Сетевые драйверы в Docker

Для того, чтобы работать с сетью Docker необходимы драйверы. Имеется несколько драйверов по умолчанию, которые обеспечивают основной функционал по работе с сетью:

• none: отключение всех сетевых ресурсов.

• bridge: сетевой драйвер по умолчанию. По сути, это мост между контейнером и хостовой машиной. Мостовые сети обычно используются, когда приложения выполняются в автономных контейнерах, которые должны взаимодействовать друг с другом.

• host: для автономных контейнеров устраняется сетевая изолированность между контейнером и хостом Docker и напрямую используются сетевые ресурсы хоста.

• overlay: наложенные сети соединяют несколько демонов Docker.

• macvlan: сети Macvlan позволяют присваивать контейнеру MAC-адрес, благодаря чему он выглядит как физическое устройство в сети.

Смотрим настройки

Для начала посмотрим, какие именно настройки сети у нас имеются. Сделать это можно с помощью следующей команды:

docker network ls

Картинка с сайта: habr.com

Как видно, Docker назначает сетям идентификаторы по аналогии с идентификаторами для контейнеров.

Если мы хотим посмотреть более подробную информацию о той или иной сети, мы можем прибегнуть к помощи следующей команды:

docker network inspect [OPTIONS] NETWORK [NETWORK...]

Подробнее мы можем посмотреть настройки для каждой сети.

$ docker network inspect none

$ docker network inspect bridge

$ docker network inspect host

Посмотрим пример для bridge:

Картинка с сайта: habr.com

Как видно, в настройках уже указаны подсеть, шлюз по умолчанию и другие параметры. Далее поговорим, о том, что из себя представляет каждый из драйверов.

Драйвер, которого нет

Иногда, контейнер должен функционировать в полностью изолированной среде. То есть, нам не требуется сетевой стек в контейнере. В таком случае, при запуске контейнера необходимо использовать флаг —network none. Результатом работы этой команды будет создание устройства loopback.

Посмотрим на примере:

Картинка с сайта: habr.com

Как видно, мы не можем выбраться за пределы контейнера и пропинговать внешние ресурсы.

Режим моста

Более интересным с практической точки зрения является использование режима моста.  Для работы с драйвером Bridge необходимо предварительно установить необходимые плагины:

$ sudo apt-get update -y

$ sudo apt-get install bridge-utils

Мостовая сеть обеспечивает взаимодействие подключенных к ней контейнеров. Соответственно, устройство Bridge перенаправляет трафик между сегментами сети. При этом, важной особенностью мостовой сети является то, что здесь обеспечивается изоляция от контейнеров, которые не подключены к данной мостовой сети. Тем самым мы получаем выделенную сеть, внутри которой контейнеры могут функционировать беспрепятственно, но которые защищены от взаимодействия с внешними контейнерами. Для того, чтобы находиться в одной мостовой сети, контейнеры должны выполняться на одном и том же хосте демона Docker.

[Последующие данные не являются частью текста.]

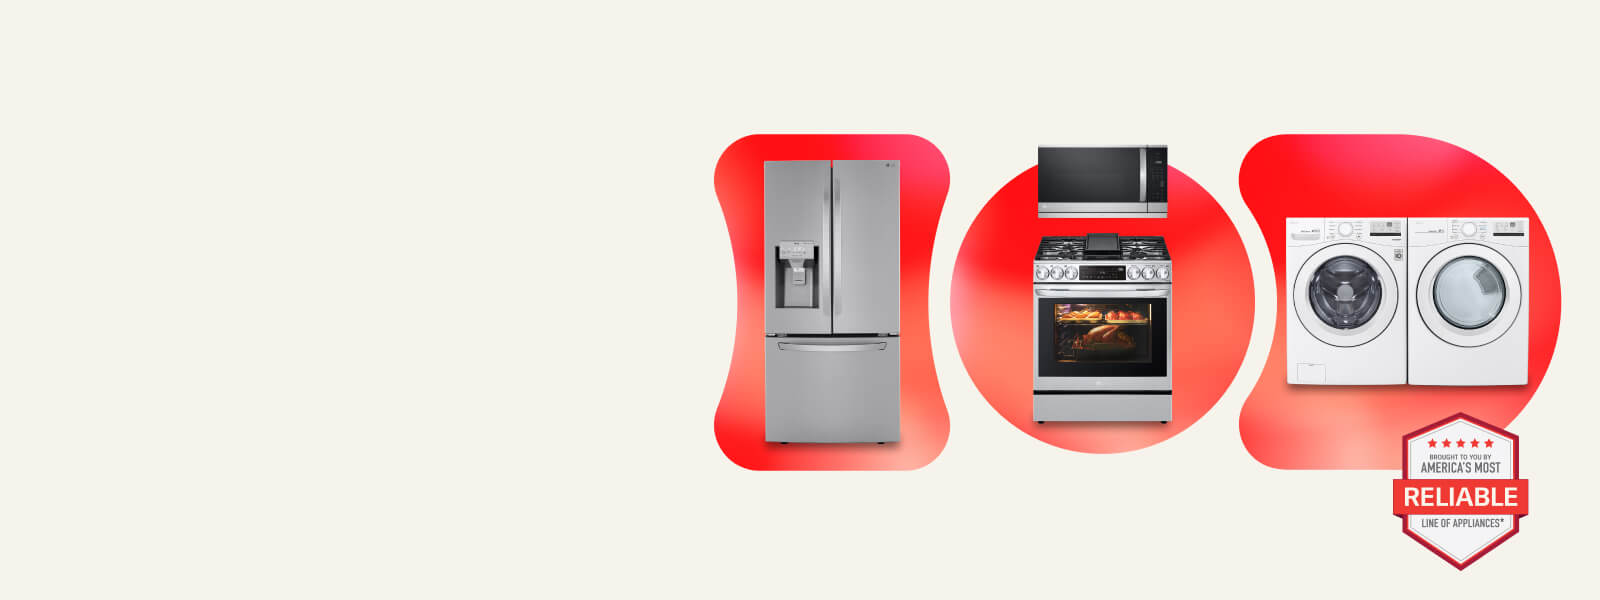 Save on summer-ready appliances image for desktop

Однако, важно понимать, что сетевые параметры мостовой сети по умолчанию изменить нельзя. Запущенные контейнеры подключаются к мостовой сети bridge по умолчанию, если не указано иное. Это влечет за собой определенный риск, поскольку несвязанные стеки/сервисы/контейнеры могут начать взаимодействовать друг с другом.

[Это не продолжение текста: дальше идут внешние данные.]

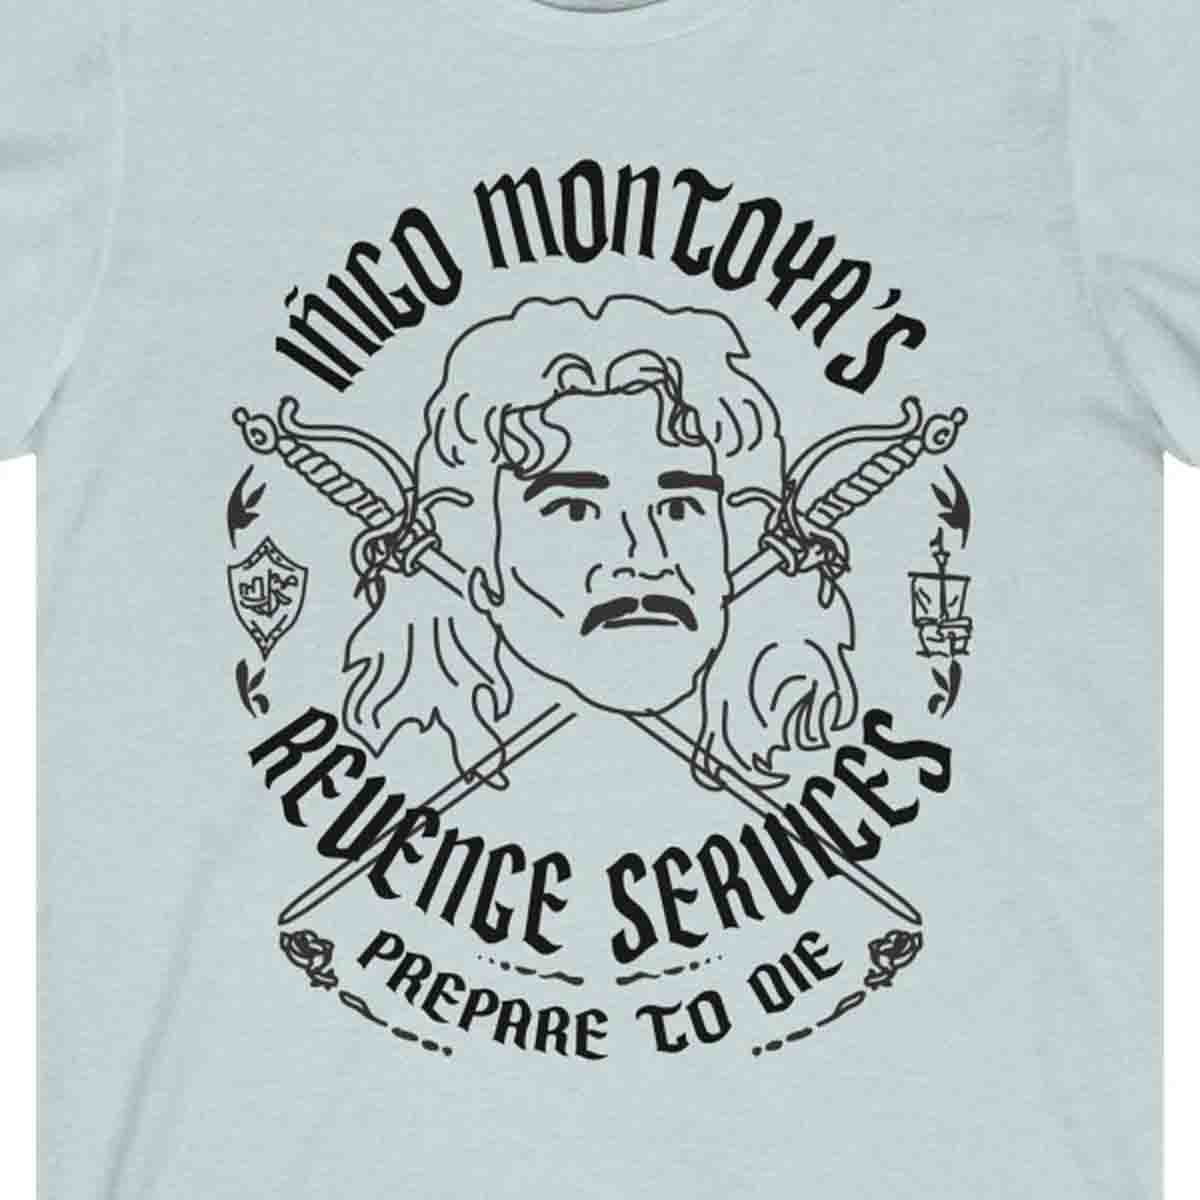 Inigo Montoya's Revenge Services Premium T-Shirt, Fairytale, Hero, Princess Rescue

Но пользователь может создать собственный мост. Вернее, пользователь может создать множество мостов, и эти мосты, определяемые пользователем, обеспечивают автоматическое определение DNS между контейнерами. Важным аспектом использования пользовательских мостов является их лучшая, по сравнению с мостами по умолчанию изолированность. При необходимости можно быстро подключать контейнеры к пользовательским сетям и отключать их от них. И для каждой пользовательской сети создается свой настраиваемый мост.

В течение жизни контейнера можно в процессе работы быстро подключать и отключать его от пользовательских сетей. Чтобы убрать контейнер из мостовой сети по умолчанию, необходимо остановить контейнер и создать его заново с другими сетевыми параметрами.

Посмотрим пример:

Картинка с сайта: habr.com

Здесь мы сначала создали несколько сетей с пользовательскими мостами, а затем запустили контейнеры, подключенные к этим сетям.

Драйвер Хост

Еще один сетевой драйвер Docker часто используемый в работе – это Хост. При использовании данного драйвера сетевой стек контейнера не изолирован от хоста Docker и контейнер не получает собственный выделенный IP-адрес. Такой режим работы полезен, когда контейнер содержит большое количество открытых портов, используемых в процессе работы, также, когда необходимо оптимизировать производительность. Мы можем оптимизировать производительность за счет отсутствия необходимости в использовании трансляции сетевых адресов (NAT).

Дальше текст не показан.